# EXERCISE DESCRIPTION
Look below for the line containing "Blick vom Schloss". Write out that line and the rest through the last one, exactly as they appear, but without pictures.

# COLLECTED DATA
-=-=-
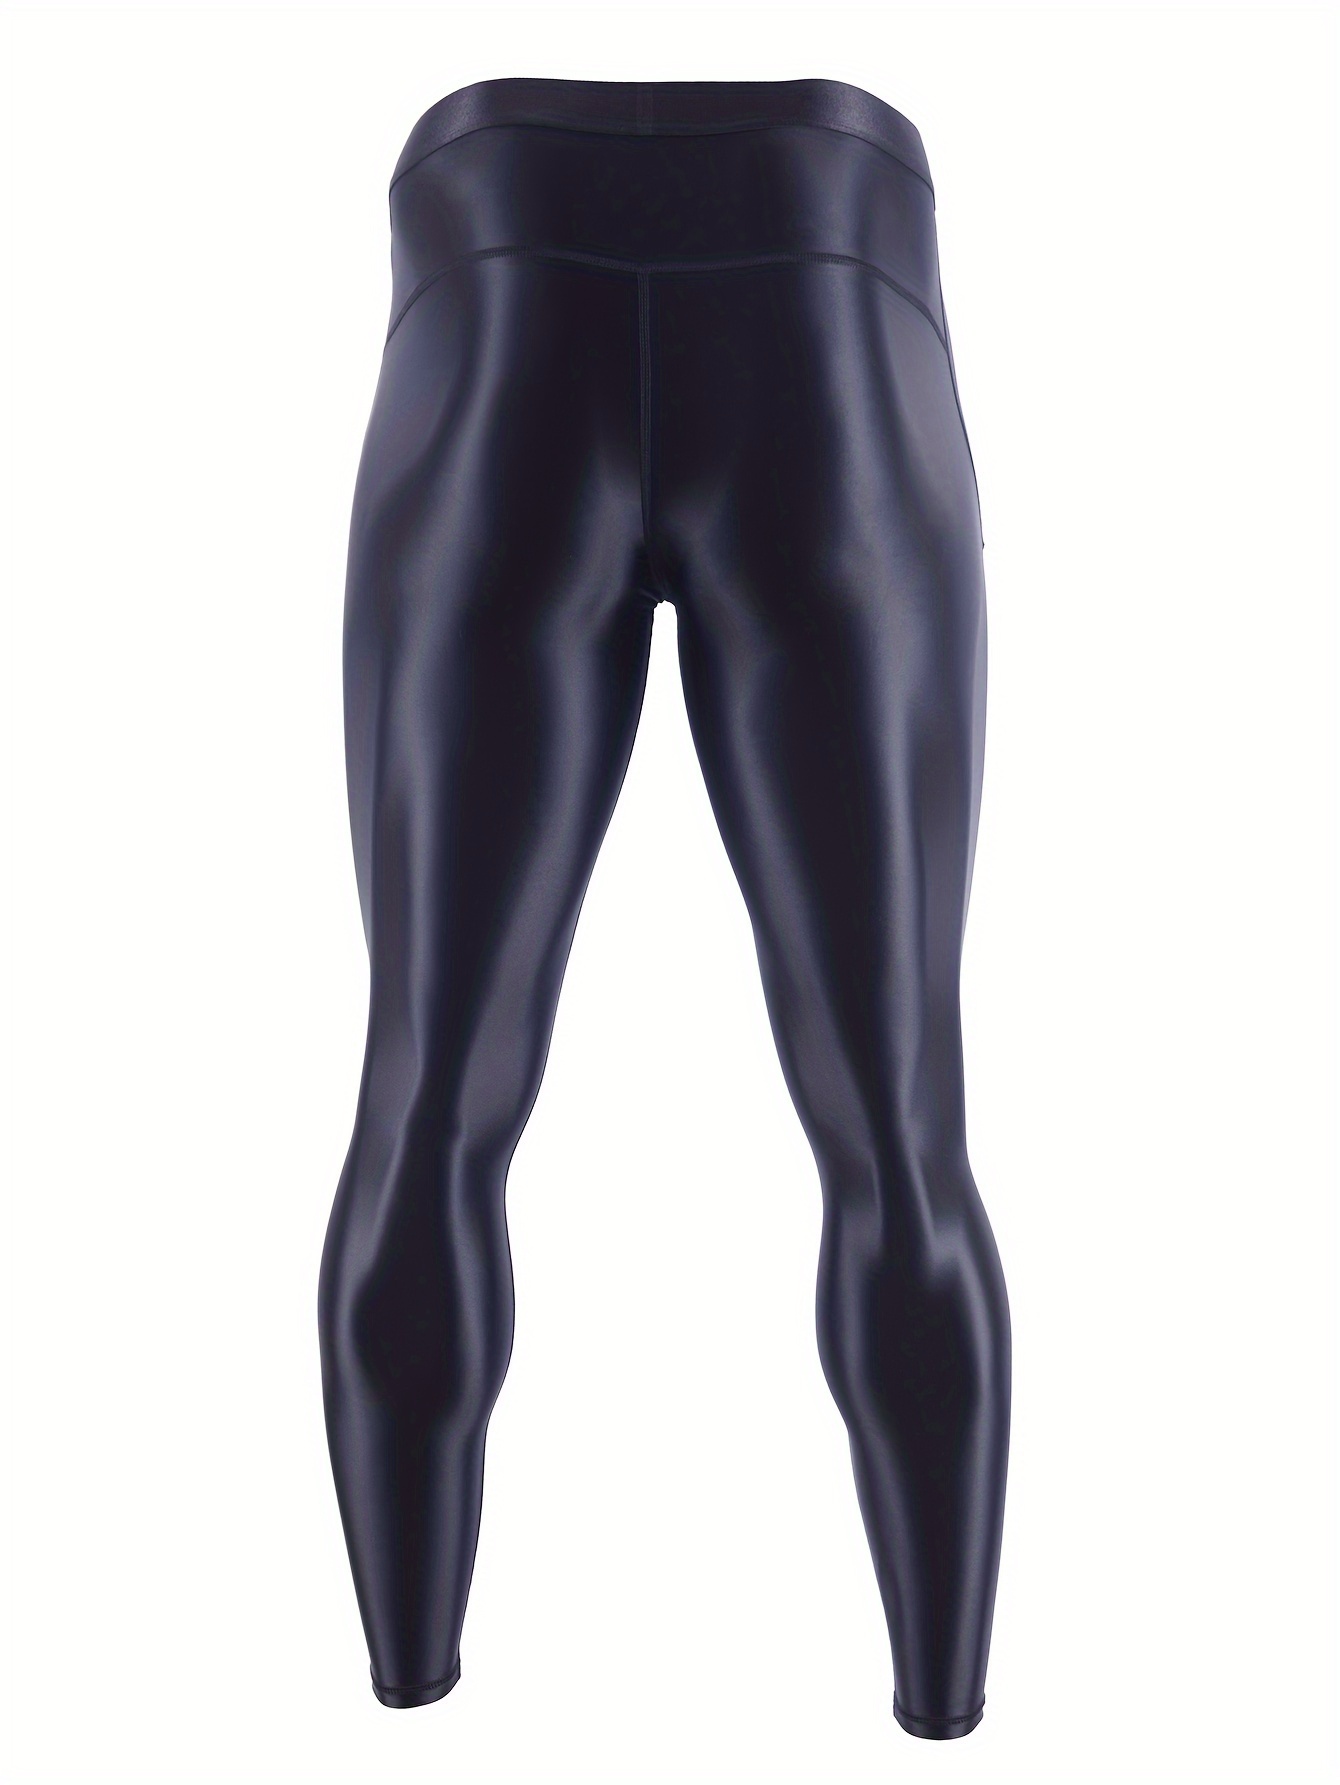 Super Black Shiny Leggings Wearing in Gym. Jump Rope Test 
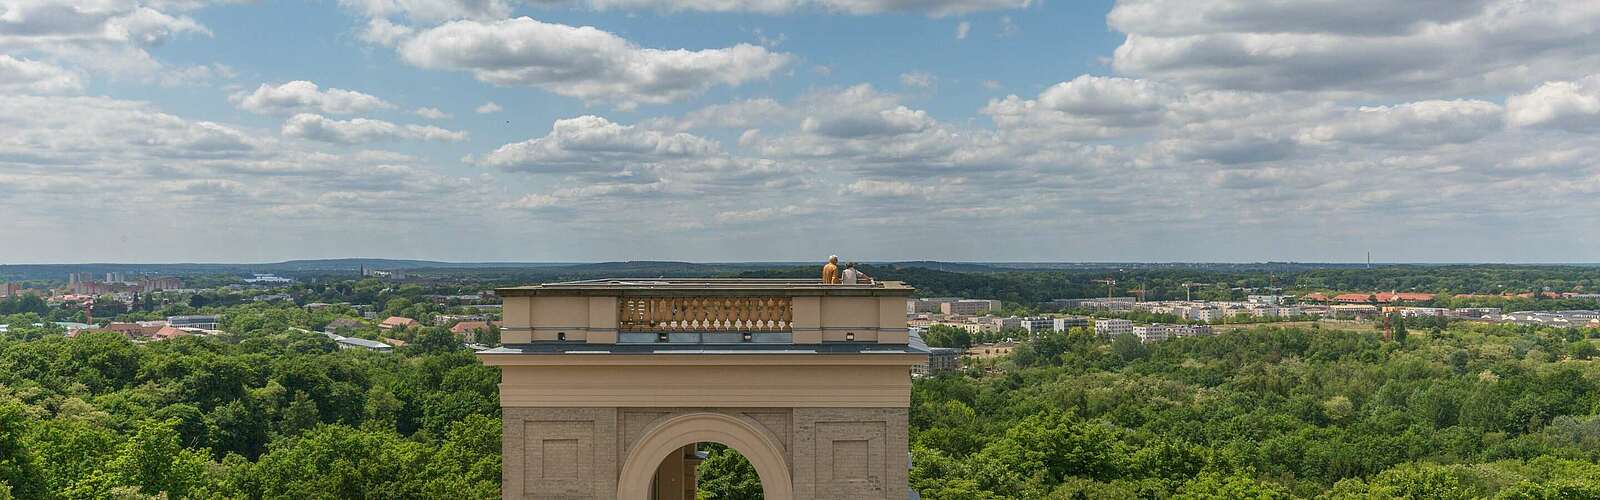 Blick vom Schloss Belvedere über Potsdam,
        
    

        Foto: TMB-Fotoarchiv/SPSG/Steffen Lehmann
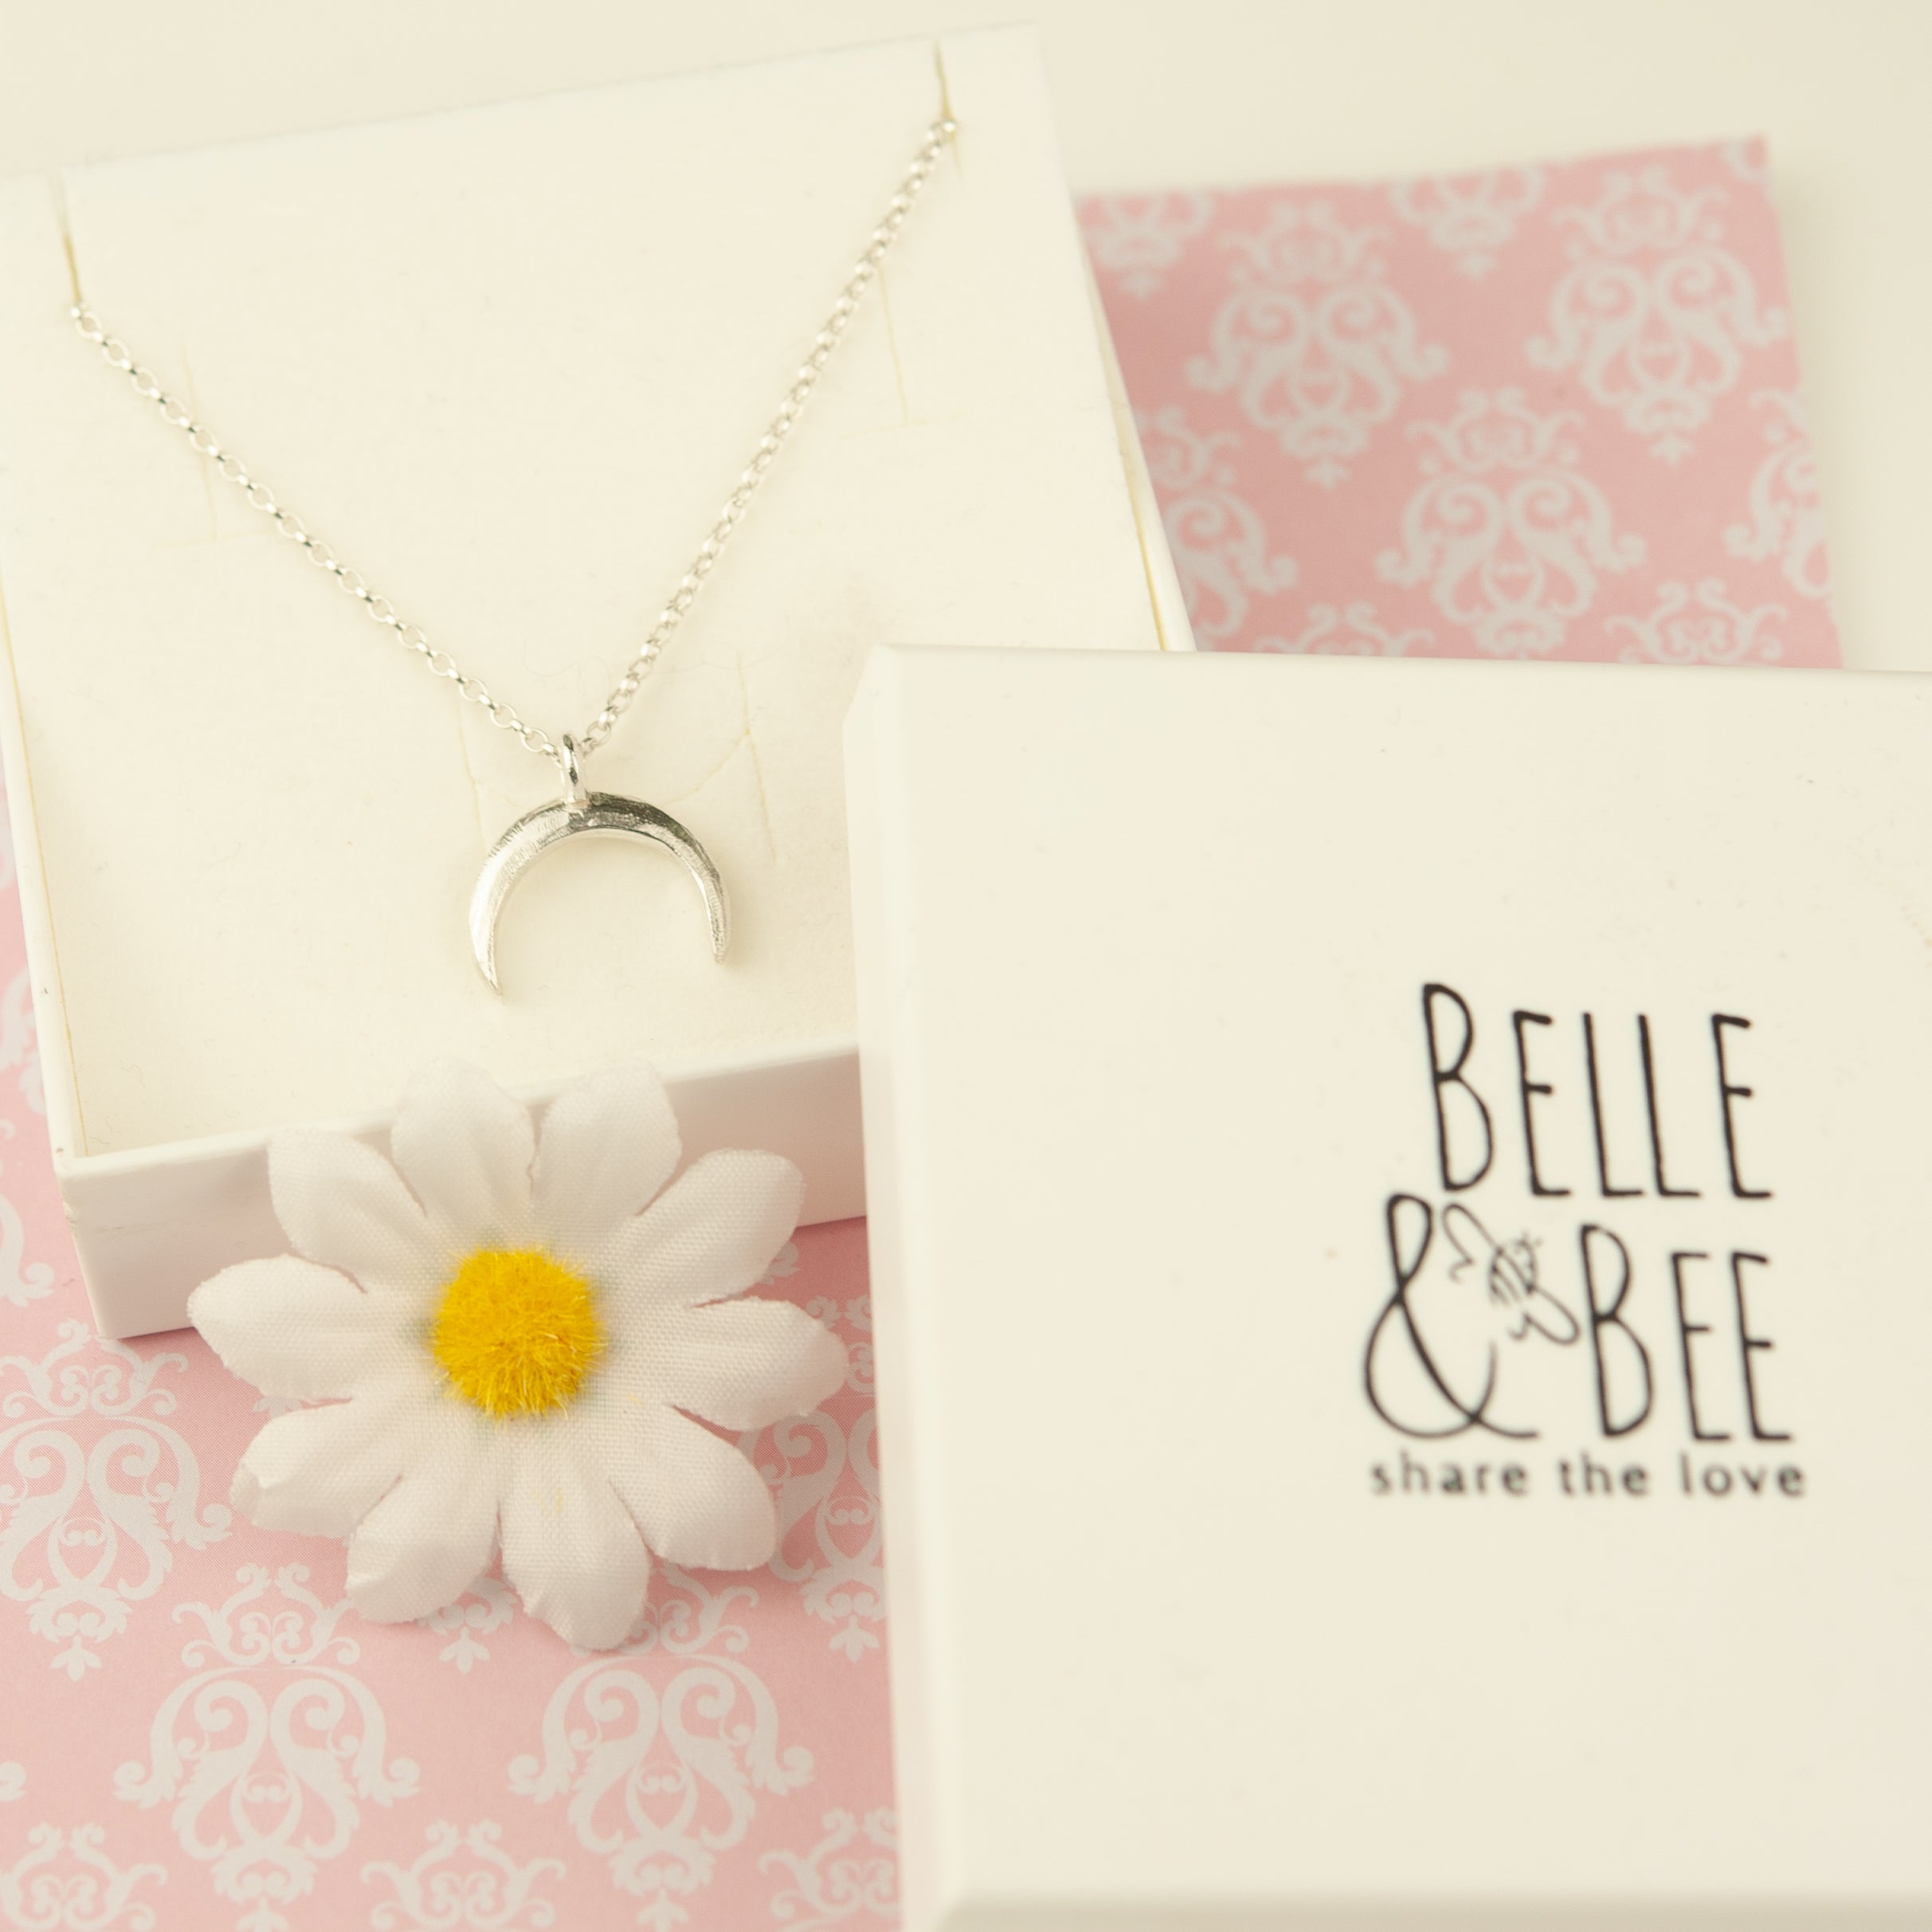 Belle & Bee moon necklace
-=-=-
# SOLUTION TO THE PROBLEM
 Blick vom Schloss Belvedere über Potsdam,
        
    

        Foto: TMB-Fotoarchiv/SPSG/Steffen Lehmann
 Belle & Bee moon necklace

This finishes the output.